The run produced 40/40 successful streams, 8 control streams,
`control_ack_p95_ms=1`, `bulk_ack_p95_ms=2`,
`route_pressure.active_total=0`, and matching acquire/release counts.
- Verified shared-host mixed failover stress:
`powershell -ExecutionPolicy Bypass -File scripts/fabric/fabric-loadtest-docker-smoke.ps1 -DockerContext test-docker -SkipBuild -TuneUdpBuffers -Nodes 4 -Streams 1000 -Concurrency 128 -BytesPerStream 1048576 -PayloadSize 65536 -FailTarget 0 -FailAfter 100ms -ControlEvery 20 -ControlBytesPerStream 4096 -MaxControlAckP95Ms 100`.
Latest run `fabric-loadtest-20260516-160751` produced 1000/1000 successful
streams, 250 failover events after the planned target kill, 50 control
streams, `control_ack_p95_ms=3`, `bulk_ack_p95_ms=6`, `ack_p95_ms=6`,
`ack_p99_ms=8`, `route_attempts_total=1250`,
`route_pressure.active_total=0`, `max_active_total=128`, and matching
acquire/release counts. Full JSON artifacts are written under
`artifacts/fabric-loadtest`.
- Verified shared-host mixed degradation/migration stress:
`powershell -ExecutionPolicy Bypass -File scripts/fabric/fabric-loadtest-docker-smoke.ps1 -DockerContext test-docker -TuneUdpBuffers -Nodes 4 -Streams 200 -Concurrency 32 -BytesPerStream 8388608 -PayloadSize 65536 -FailTarget -1 -ImpairTarget 0 -ImpairDelay 200ms -ImpairLoss 0.5% -ImpairAfter 50ms -MigrateSlowStreams -MaxAckMs 30 -ControlEvery 10 -ControlBytesPerStream 4096 -MaxControlAckP95Ms 100`.
The run produced 200/200 successful streams, 9 migration events,
20 control streams, `control_ack_p95_ms=2`, `bulk_ack_p95_ms=7`,
`route_pressure.active_total=0`, `max_active_total=32`, and matching
acquire/release counts.
- Latest shared-host degradation/migration gate:
`fabric-loadtest-20260516-160710` with 160 streams, 32 concurrency, 4 MiB
bulk streams, 180 ms + 0.5% induced impairment after 50 ms produced 160/160
successful streams, 12 slow-ACK migrations, degraded-target quarantine,
`control_ack_p95_ms=3`, `bulk_ack_p95_ms=180`,
`route_pressure.active_total=0`, `max_active_total=32`, and matching
acquire/release counts.
- Short shared-host soak gate:
`fabric-loadtest-20260516-160943` with `-Duration 45s`, 1200 streams,
96 concurrency, four healthy targets, and mixed control/bulk traffic produced
1200/1200 successful streams, even 300/300/300/300 target distribution,
`channel_opens=1200`, `channel_closes=1200`, `channel_leaks=0`,
`control_ack_p95_ms=4`, `ack_p95_ms=5`, `ack_p99_ms=8`,
`route_pressure.active_total=0`, `max_active_total=96`, and matching
acquire/release counts.
- Continuous soak mode is now explicit: add `-Soak -Duration 30m` or
`-Soak -Duration 120m` to the Docker runner.
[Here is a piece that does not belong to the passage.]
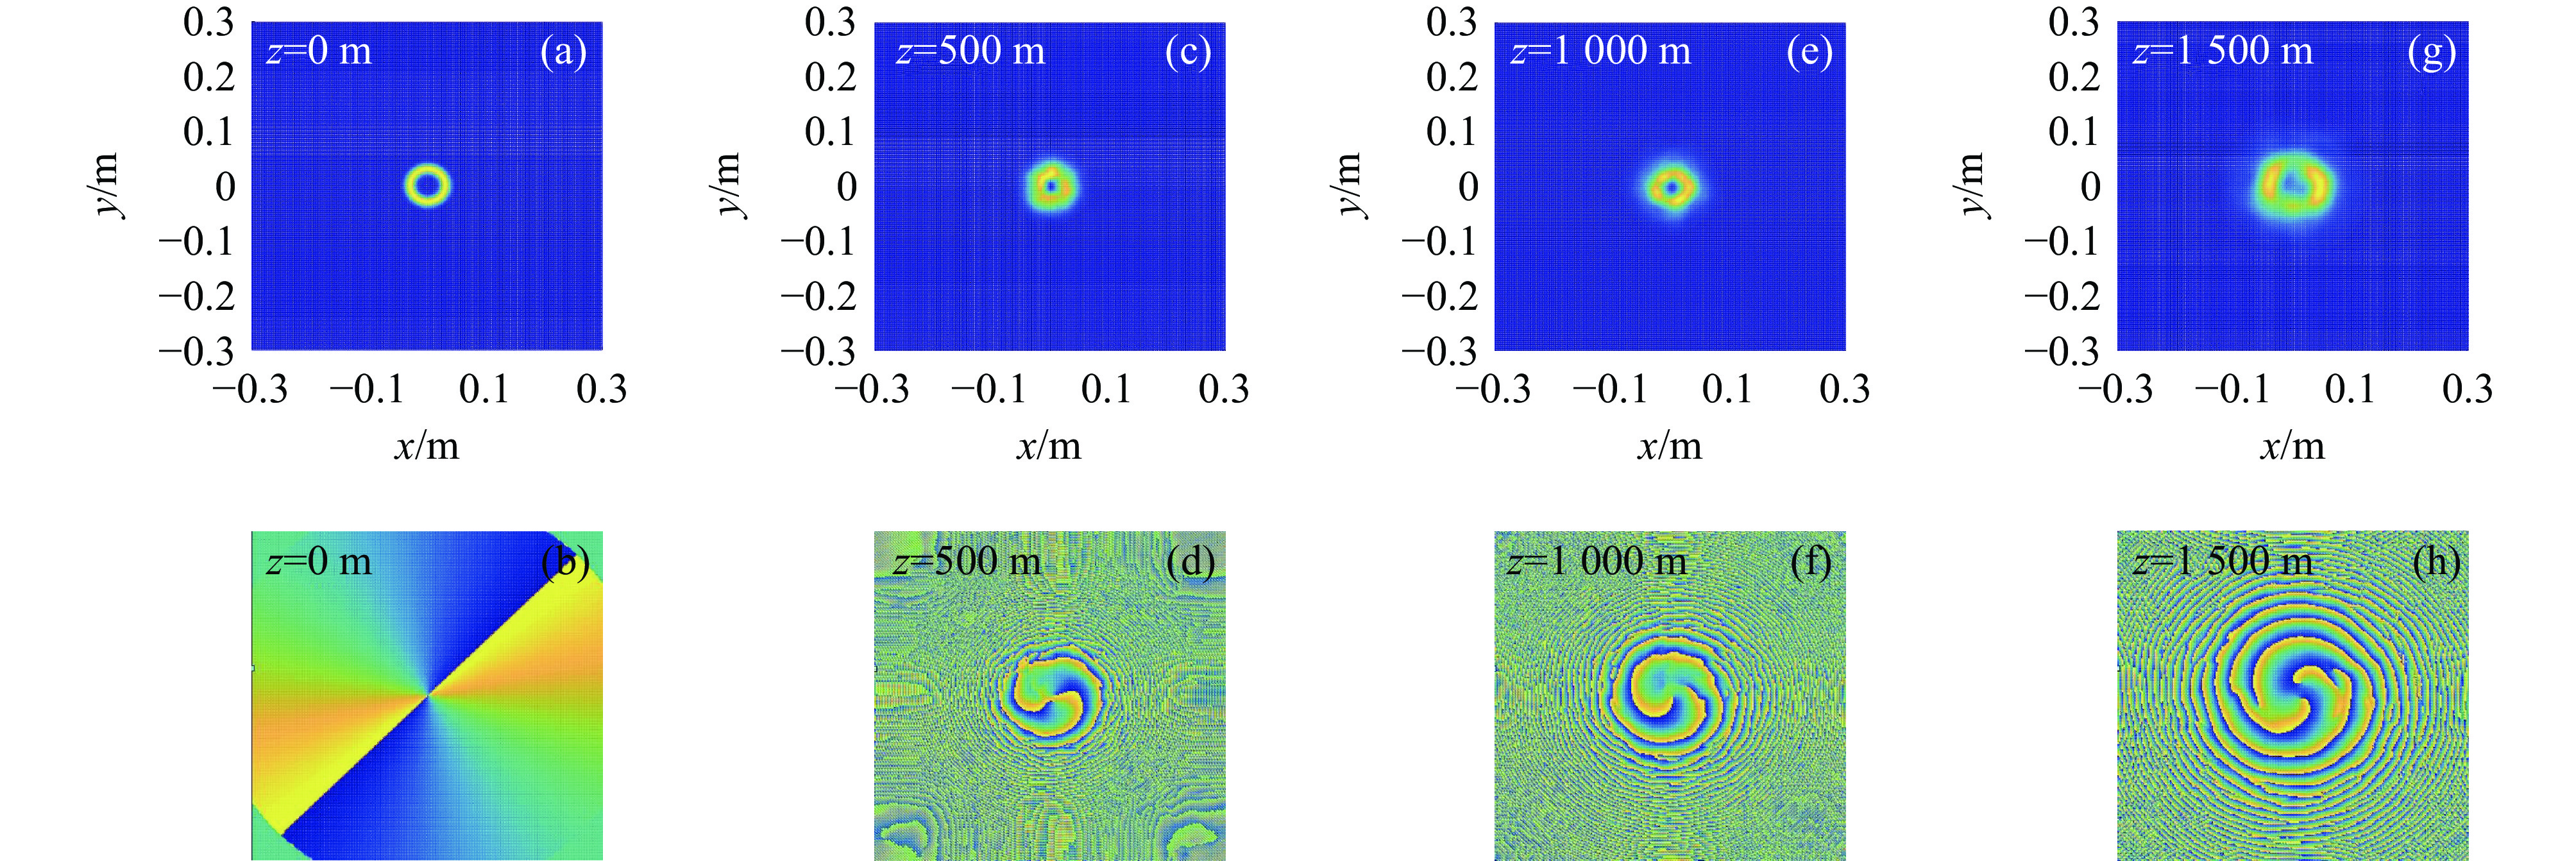 Two-dimensional intensity and phase distribution of POV beams with different transmission distances under atmospheric turbulence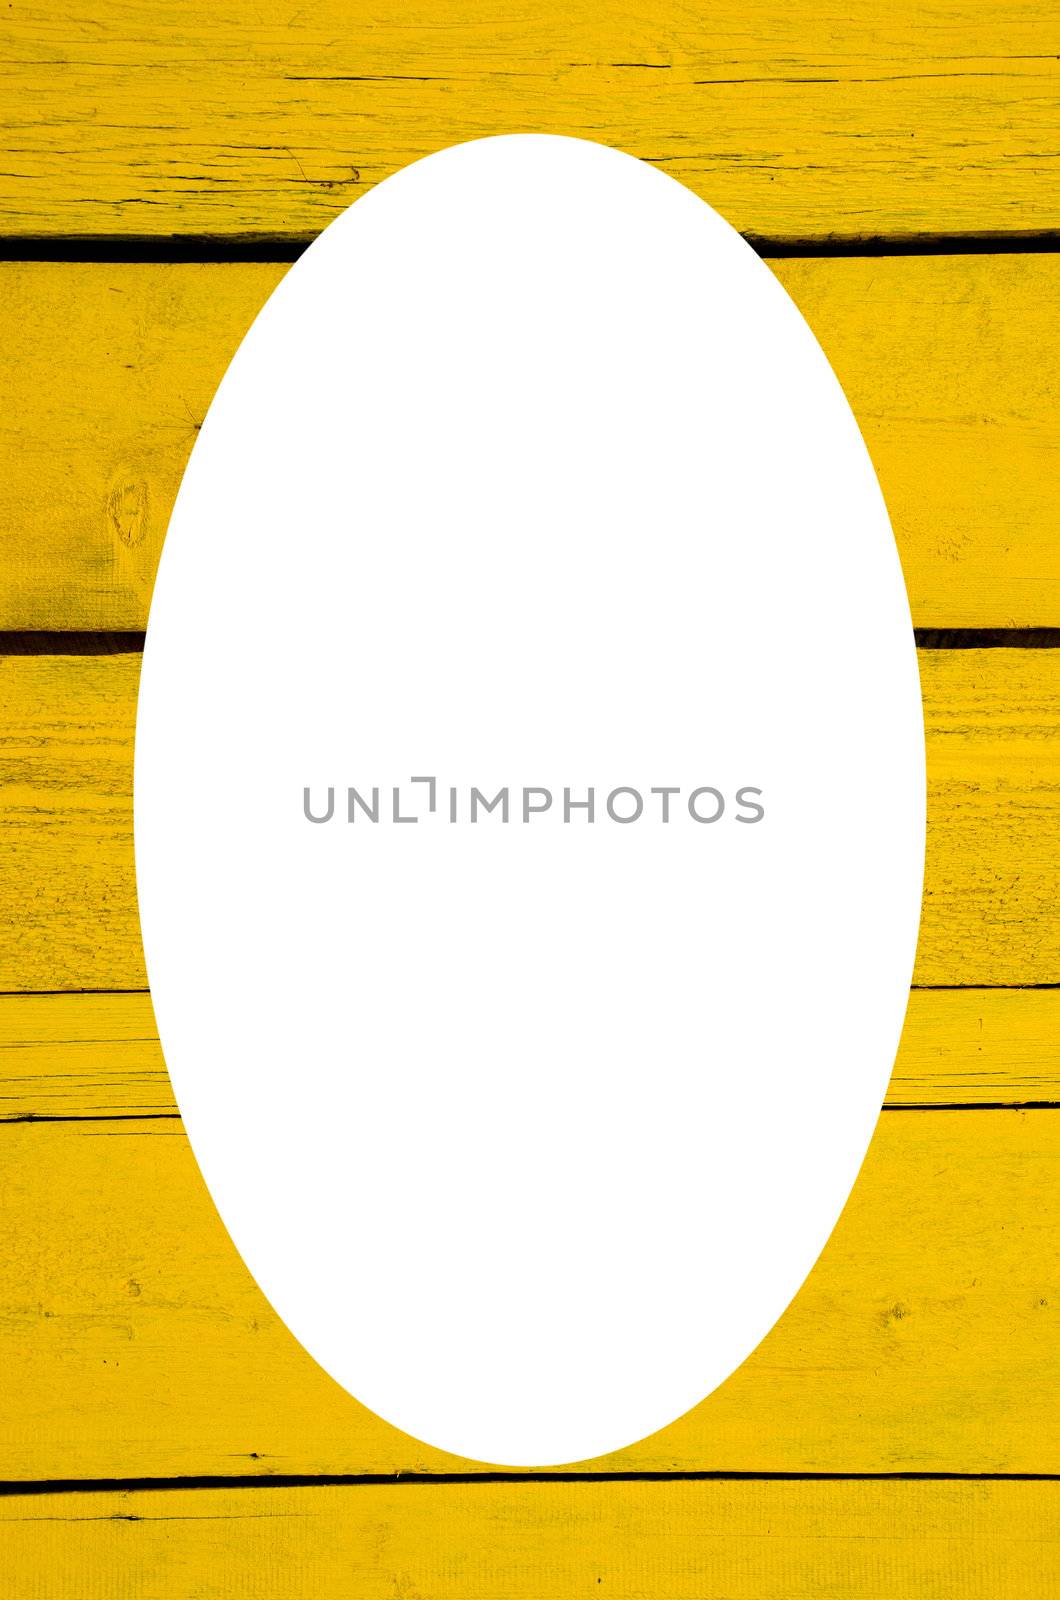 Isolated oval place for text photograph image on wall made of wooden yellow planks. Interesting background.

In soak mode workers keep
creating and closing logical channels until the duration expires, instead of
stopping after a fixed stream list. This is the required gate for memory,
goroutine, file descriptor, QUIC stream, and route-pressure stability.
- Soak duration stops new logical channel creation but does not cancel channels
already in flight. In-flight channels drain under their per-channel
`-StreamTimeout`; the outer `-ClientTimeout` remains the hard scenario
guardrail. This prevents the final active window from being counted as
failed streams just because the soak timer expired.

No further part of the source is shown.